I thought I had all this figured out, but as it turns out, I don't.

I'm planning my next tank, a 180g(72" long). I was planning on a 3x150 HID MH / 4x80w T5 retrokit. However, something else that I really wanted to do was use the GE 9325 for the fluorescent. As it turns out, GE doesn't offer that bulb in an 80w T5. They offer it in a 55w "T5", which is actually what we all call a PC.

So, I'm looking at other options. I'm looking at Catalina Aquarium, came across this: 3x150w MH/4x80 VHO. I thought VHO was kind of generic term for overdriving a bulb/ballast, but it appears I'm wrong on that. What kind of bulb would I need for that? A "VHO" bulb, or a "VHO T12" or something.

I'm open to other options, but I'm really trying to use the 9325 bulb. These are the available bulbs that come in 9325.


----------



## jmhart (Nov 13, 2007)

Might have solved my problem:

http://www.catalinaaquarium.com/product_info.php?cPath=71_7_9&products_id=844

1 x 150 HQI /2x55w PC

and I could use 3 of those.


----------



## niko (Jan 28, 2004)

Could you tell me why you must have the Metal Halides?
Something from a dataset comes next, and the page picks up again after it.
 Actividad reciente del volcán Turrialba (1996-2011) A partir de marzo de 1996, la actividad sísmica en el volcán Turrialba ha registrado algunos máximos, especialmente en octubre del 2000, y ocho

The reason I'm asking is that you will achieve the same plant growth with Giesemann Midday T5HO using much less electricity, and with very, very little heat.

VHO has 2 downsides. First it's actually very inefficient due to the fat T12 tube. Second there is barely a choice of bulbs - all of them with unknown spectrum and labeled in Kelvins that don't make sense when you actually see the bulb working.

--Nikolay


----------



## niko (Jan 28, 2004)

330 watts (6x55) watt PC will make a lot of heat, trust me. 
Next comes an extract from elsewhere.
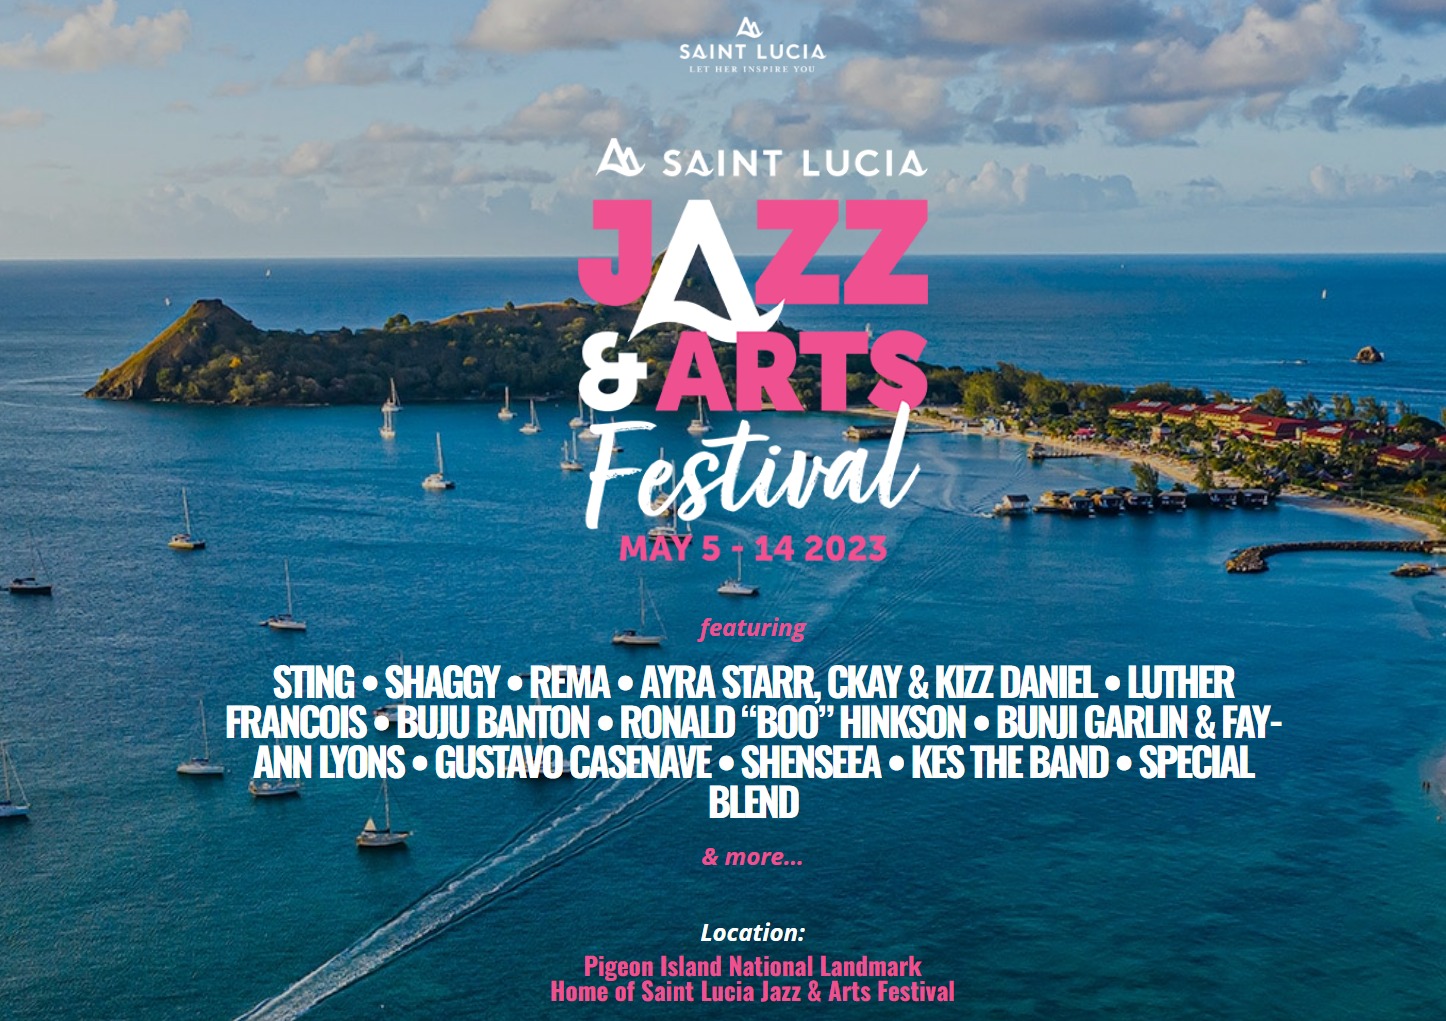     Le Saint Lucia Jazz & Arts Festival est de retour

You can get the same amount of light (if not more) with 160 watts of the T5HOs. 

Also the Kelvin rating and spectrum of PCs is questionable.

--Nikolay


----------



## jmhart (Nov 13, 2007)

Well, I'm mostly interested in the MH for viewing effect. They will likely only be on for ~3 hours a day. Personally, I don't really enjoy the growing ability of MH, hence the T5 interest. No matter what lights I use, I'll be installing cooling fans into my canopy.

I'll check out the Giesemann's. I suppose the first question I have, since I have little experience outside of PC lighting, is what kind of fixture/ballast would I need for a T5HO bulb? *EDIT*Figured it out, a T5HO ballast.


----------



## Riiz (Jul 19, 2008)

Usually if a ballast can power a T5HO, it will power a PC bulb at the same wattage, since they are the same thing with different endcaps.


----------